Does it affect him? No.
Does it affect his job? No.
Does it affect his health? No.
Does it affect your relationship? No.

If you are looking for a reason to harp on him, or to leave him for someone else, this could be a good angle for you to potentially use...

However, I will give you the truth. He will be fine drinking a bottle of wine a day.


----------



## grainofsalt

And besides the posters in this thread that literally spew bad advice, I am also curious about the OP.

OP, you claim to be happily married, yet your chosen handle is "Feeling Lonely"...

Why are you here? What is it you want?

I know what you want... You want out, and you are trying to build up a portfolio of "reasons" to leave... Simply so you can justify leaving him.


----------



## Ikaika

F-L tough spot to be in, but you may want to do some of your own research. Does not mean you can make him change his habits. This, he will have to decide on his own.

http://www.cdc.gov/alcohol/faqs.htm

http://www.niaaa.nih.gov/alcohol-health/overview-alcohol-consumption/moderate-binge-drinking


----------



## Dollystanford

I've genuinely never seen 'yeah no problem to drink two bottles of wine a day' advice


----------



## grainofsalt

Dollystanford said:


> I've genuinely never seen 'yeah no problem to drink two bottles of wine a day' advice


That's because nobody has the balls to post it.

I do. A bottle of wine will put the average man over the legal driving limit, but just barely. By no means "drunk" in the true sense of the term. Perfectly acceptable in the privacy of one's home.

Look, I don't care if people like drinking, or hate drinking. What you do, or what your beliefs are, as it's not my business.

However, I feel so inclined to dispel this "myth" that drinking four beers (or its equivalent) in one sitting will eventually "kill" someone.

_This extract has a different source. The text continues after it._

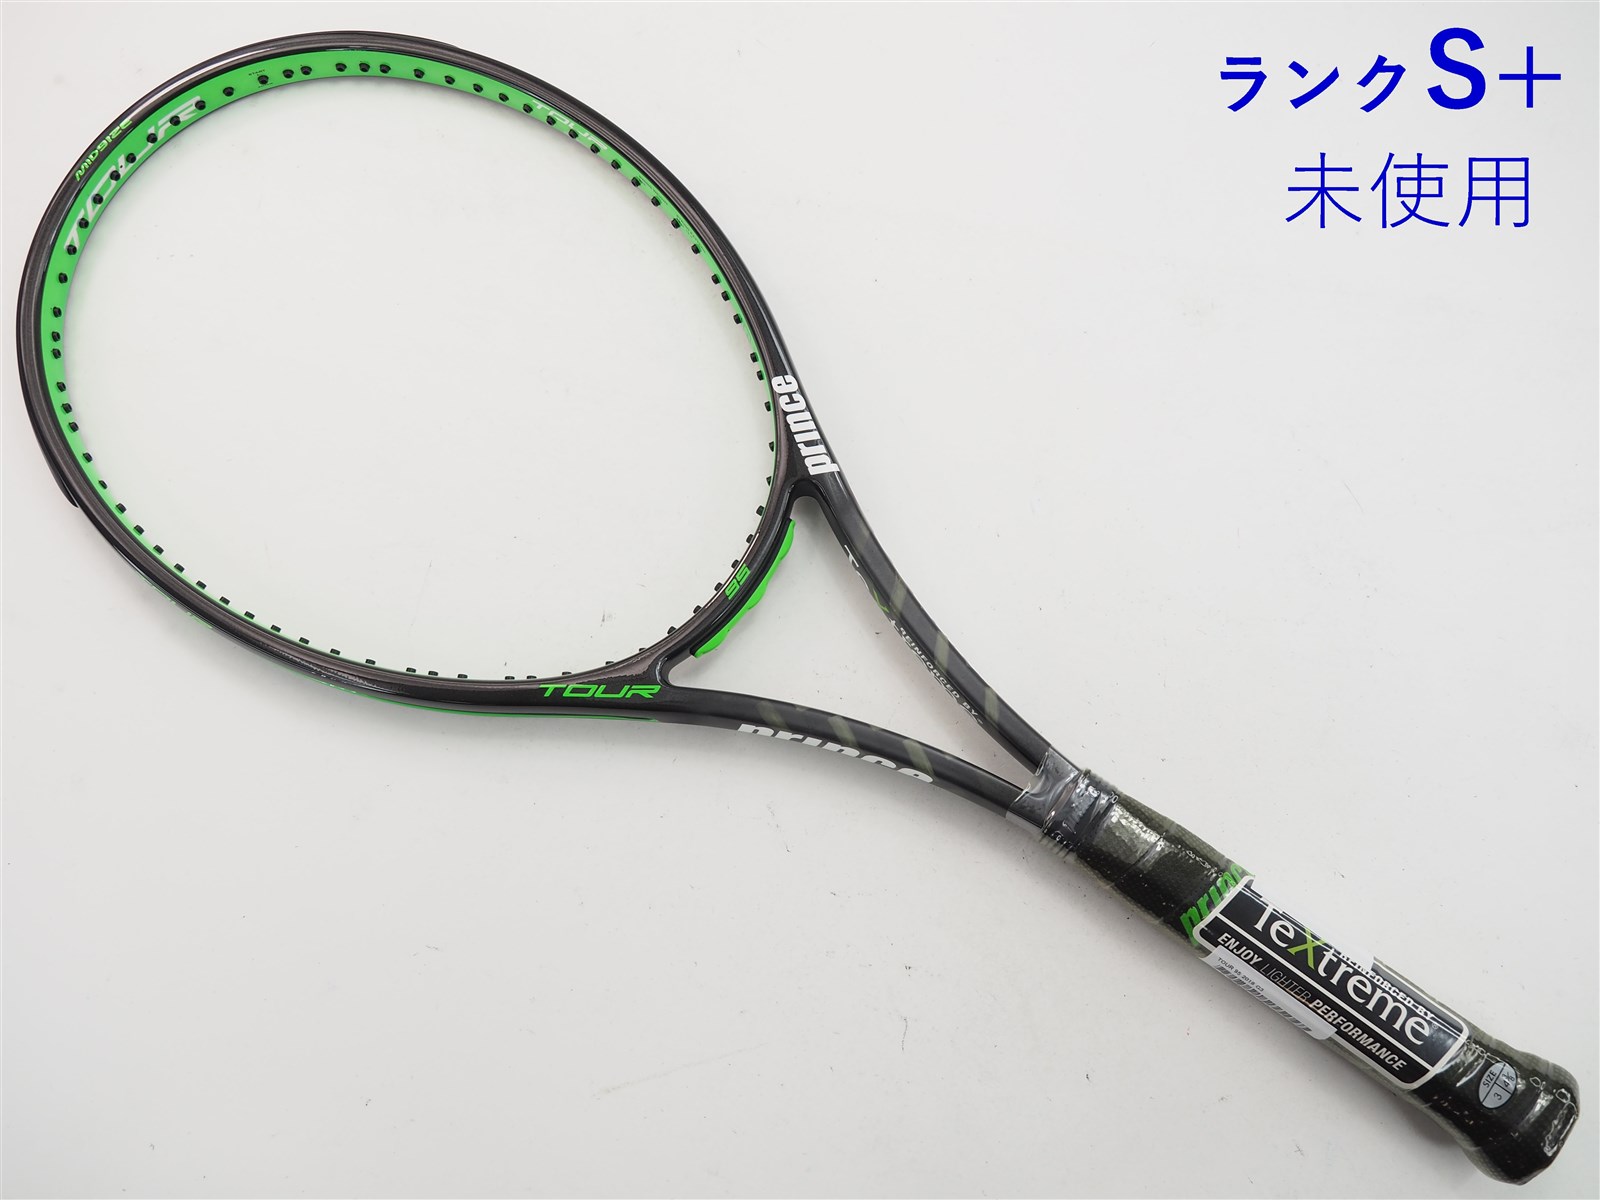 テニスラケット プリンス ツアー 100(290g) 2020年モデル【一部グロメット割れ有り】 (G2)PRINCE TOUR 100(290g) 2020G2装着グリップ

This is pure crap.

We all know it. You know it. I know it. And the OP knows it.

And this is why I asked the OP... Are you trying to build up a portfolio of perceived "faults" so you can dump this guy?


----------



## Dollystanford

No actually I don't know it. Alcohol has a cumulative effect - of course it's fine occasionally but every night, year on year is NOT 'harmless' and you can repeat it until you're blue in the face but I'll never think you're right

In fact you said it was fine to drink double that amount in a night on a regular basis. Even just the calorie content (between 10 and 14k a week extra) should give cause for concern


----------



## Surfacing

Let me give you my perspective....because I was the man you describe. My wife and I were in a very similar situation. I could drink a bottle of wine per night with ease. But it slowly progressed as life, job, stress etc increased. One bottle turned into 2-3 beers on top.....every night. Over a Progression of years I started checking out of my very loving relationship. Yes, I provided. Yes,I tucked the kids in and read their stories. Yes, I took them to their activities. Yes, I told my wife that I loved her. Yes, we had enough money for vacations, clothes and anything my wife/kids wanted whenever they wanted. But, over time I was not giving my wife what she needed emotionally. We stopped communicating effectively. I started "taking care of business" for my family but became quiet, sullen and did not give her what she really wanted....my time. I would get things done and dismiss myself to the back room to be alone with my drink. She repeatedly expressed concern about my drinking and the fact that I was checking out on her. This led to me sneaking my drinks and trying to hide it. Fast forward.....Today we have reached a point where she does not know if she wants to be married to me. I am seeing a counselor and attending AA meetings. We are in marriage counseling. I am a "functional alcoholic." And this fact has directly led to erosion in my marriage. I am not judging or comparing your situation to mine. Perhaps your husband can handle his drink. Perhaps he is a "happy" drinker and can be a good husband while drinking every night. I don't know.....but I thought that, and I am now desperately fighting for my marriage.


----------



## Feeling-Lonely

Surfacing said:


> Let me give you my perspective....because I was the man you describe. My wife and I were in a very similar situation. I could drink a bottle of wine per night with ease. But it slowly progressed as life, job, stress etc increased. One bottle turned into 2-3 beers on top.....every night. Over a Progression of years I started checking out of my very loving relationship. Yes, I provided. Yes,I tucked the kids in and read their stories. Yes, I took them to their activities. Yes, I told my wife that I loved her. Yes, we had enough money for vacations, clothes and anything my wife/kids wanted whenever they wanted. But, over time I was not giving my wife what she needed emotionally. We stopped communicating effectively. I started "taking care of business" for my family but became quiet, sullen and did not give her what she really wanted....my time. I would get things done and dismiss myself to the back room to be alone with my drink. She repeatedly expressed concern about my drinking and the fact that I was checking out on her. This led to me sneaking my drinks and trying to hide it. Fast forward.....Today we have reached a point where she does not know if she wants to be married to me. I am seeing a counselor and attending AA meetings. We are in marriage counseling. I am a "functional alcoholic." And this fact has directly led to erosion in my marriage. I am not judging or comparing your situation to mine. Perhaps your husband can handle his drink. Perhaps he is a "happy" drinker and can be a good husband while drinking every night. I don't know.....but I thought that, and I am now desperately fighting for my marriage.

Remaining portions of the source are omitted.